Wednesday 10th April 2019 06:02 EDT

An investigation by The Times reveals that estate agent chains in the UK are currently overvaluing properties by up to a fifth in a practice that is allegedly misleading sellers into paying higher rates of commission. Over 200,000 properties listed online were analysed and it was found that overvaluations are rife and the worst offenders are the biggest agents. Data collected by The Times suggests that agents with the highest commissions are over-valuing properties the most to attract homeowners.

The properties then sell at lower prices, but the agents take big fees.

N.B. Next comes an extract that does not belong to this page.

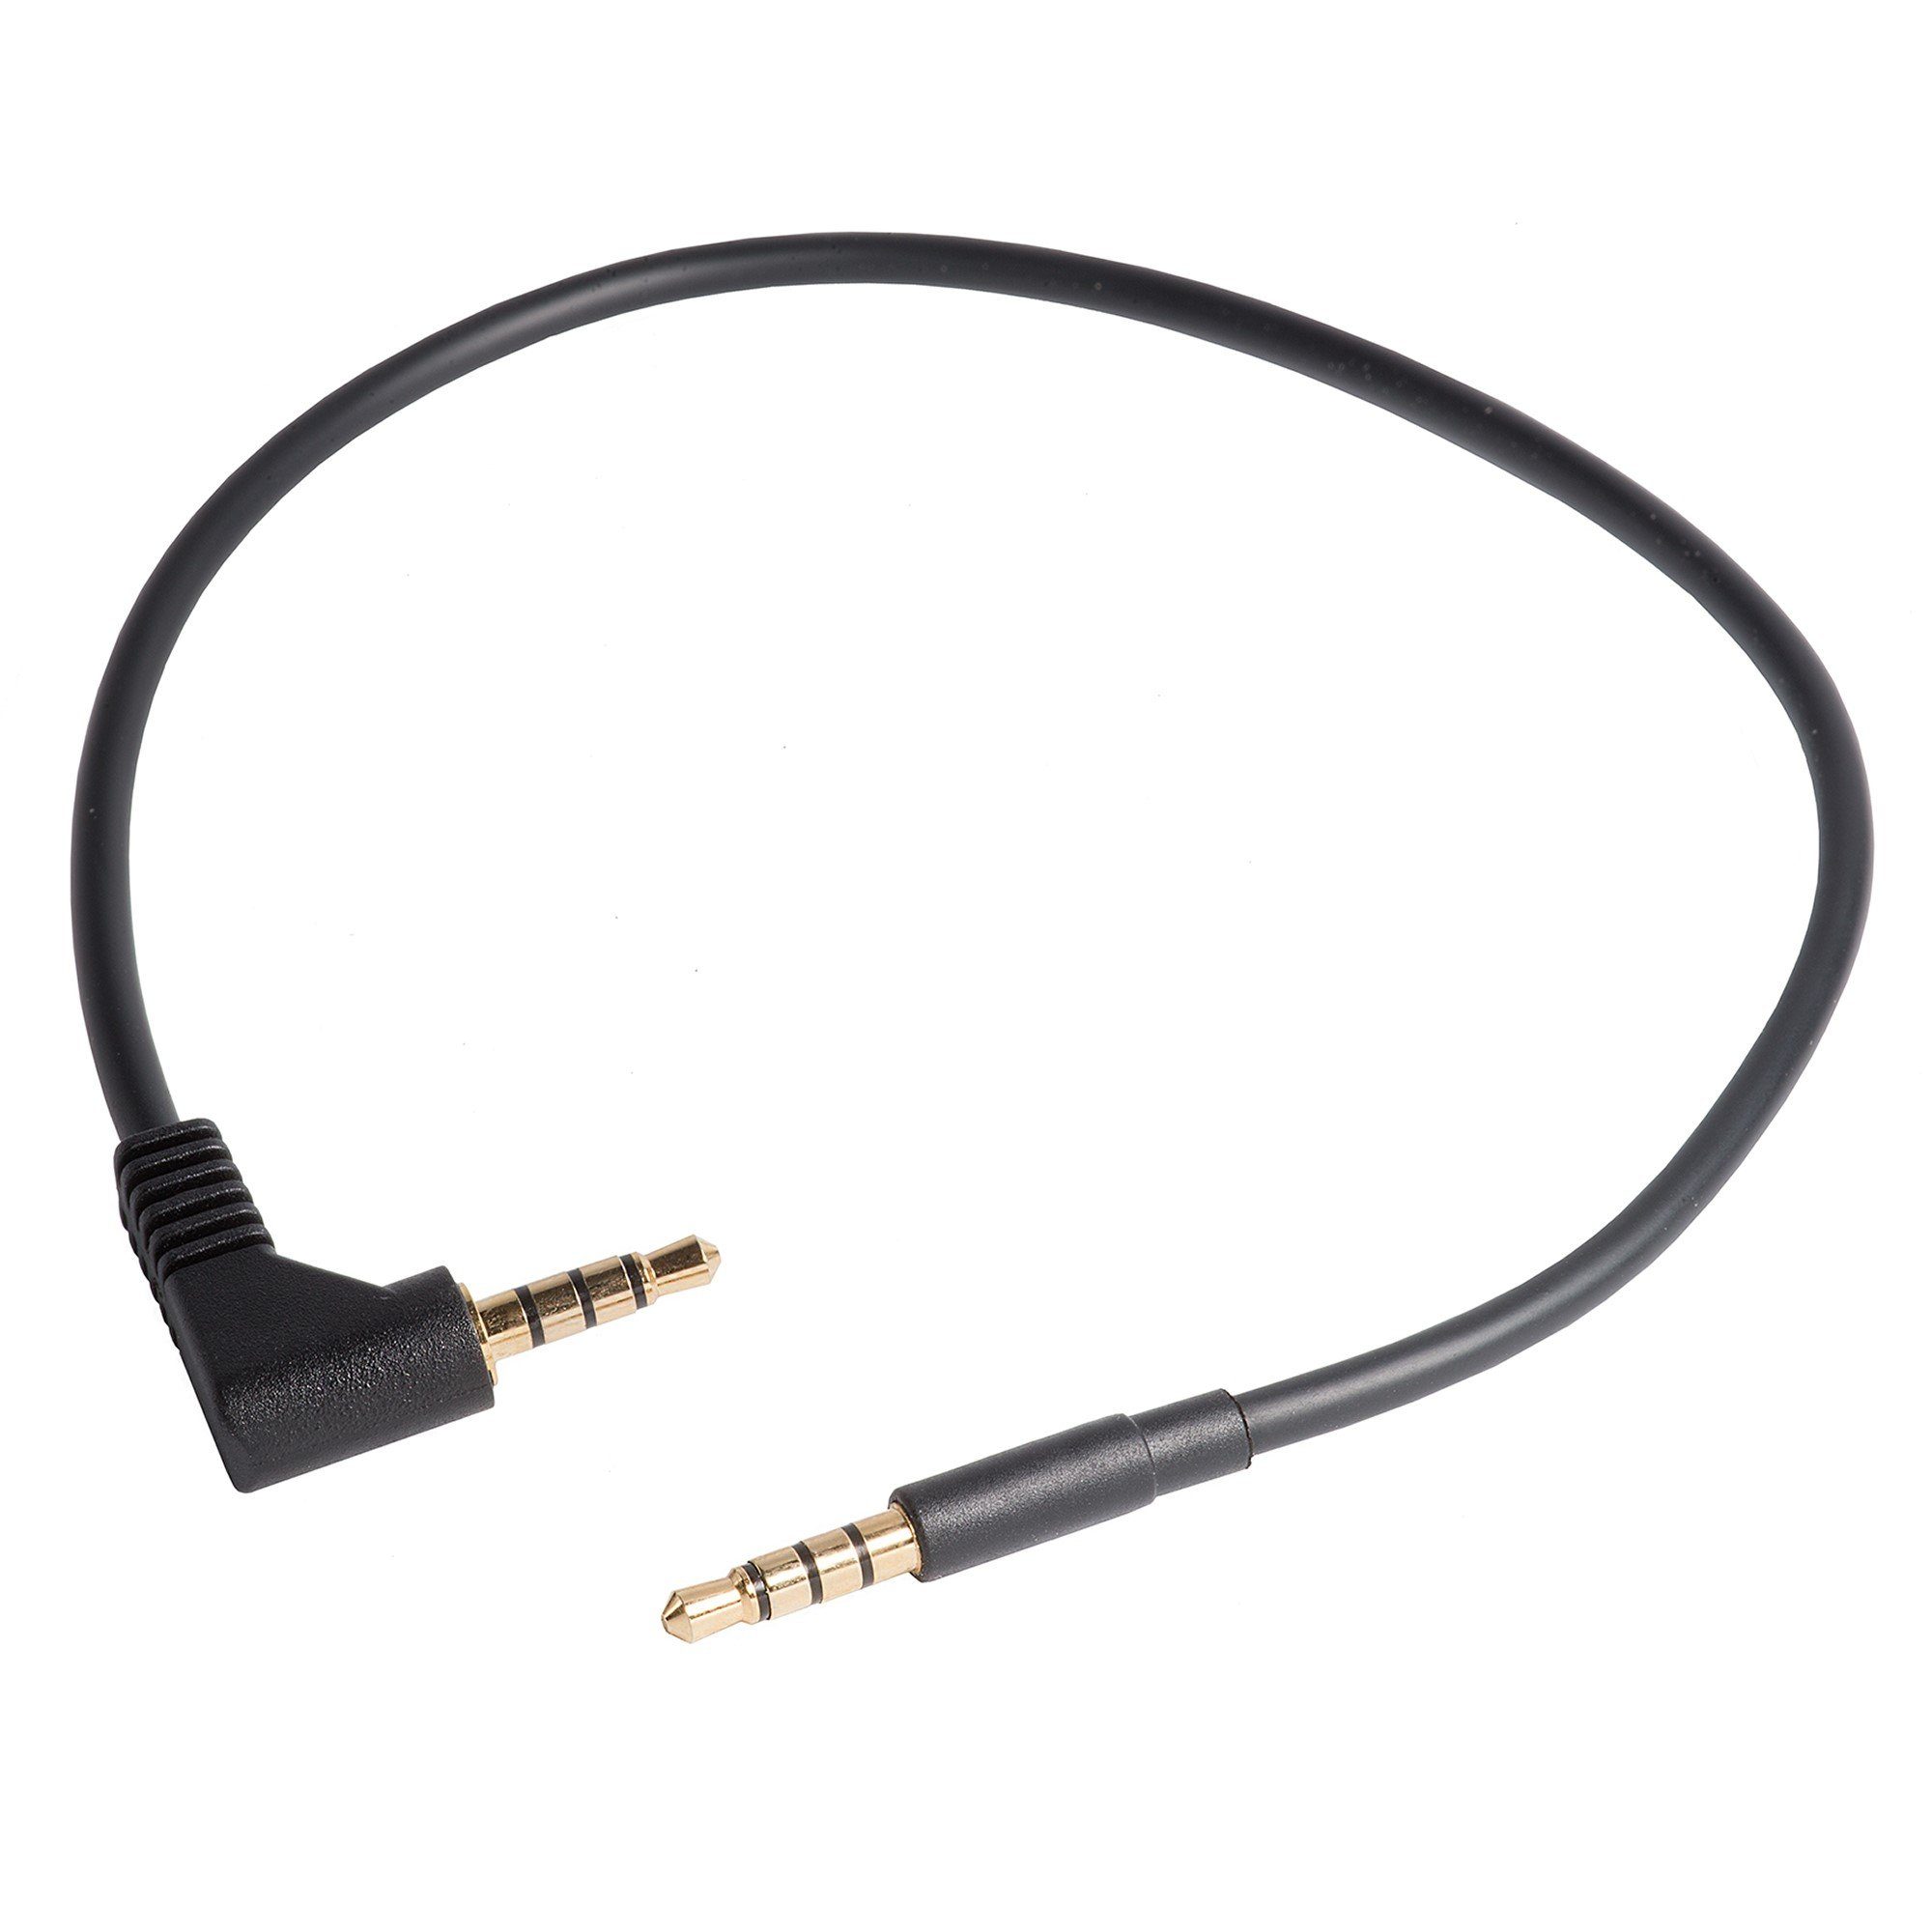 shortix kurzes Premium Audio-Kabel. 3,5-mm-Klinke. Stecker gewinkelt -  Stecker gerade. Stereo. AUX-Kabel. 30cm. Audio-Kabel, 3,5-mm-Klinke,  3,5-mm-Klinke, kurz

Nearly two-thirds of homes listed by Foxtons, the biggest agent in London, have to be reduced from their initial price before they can be sold, almost double the national average. Foxtons charges a commission of 3 per cent, which is more than twice the average. When properties marketed by Foxtons had their asking prices cut, the average reduction was 10 per cent, or £56,000.

The Times showed Land Registry data on a sample of these homes shows that the sale price was lower still, falling 16 per cent of £85,000 from the original asking price. Research shows that the ten agents that overvalue the most, including Hamptons International and Chancellors, charge twice as much on average as the ten agents who overvalue the least. The analysis said sellers using the ten worst offenders will pay the equivalent of £5,500 on a £300,000 home compared with only £2,200 with the best agents.

Some agents, however, charge upfront fees rather than commission, so sellers would have to pay irrespective of whether their property actually sold. The National Association of Estate Agents said that not all price reductions were due to overvaluing, although it admitted that some "unscrupulous agents" would try to win business by quoting a higher asking price.

The 200,000 properties represent a snapshot of those on Zoopla that had been sold subject to contract in December. The vast majority were first listed last year, but some date back earlier. The data shows that 32 per cent of properties were reduced and of these, the average adjustment in asking price was 6.9 per cent or £23,400. Actual sale prices are likely to be lower still.

Foxtons said, "We always price properties competitively in partnership with homeowners, helping them to get results that unlock what their property is truly worth. Data from surveyors and the independent consultancy TwentyCi shows that on average Foxtons is able to achieve a 6.3 per cent price premium after fees compared to our closest 20 competitors when the average house sale price is analysed. Foxtons is the best place to sell... despite a challenging London market where buyers are increasingly undercutting asking prices."

Meanwhile Chancellors said, “We strive to get the very best price for every client and achieve record prices for the local area. We work closely with our clients on their marketing strategy and we are proud to say that we have achieved an average of 98 per cent of our clients’ asking prices so far this year and operate on a success-fee basis to achieve this.”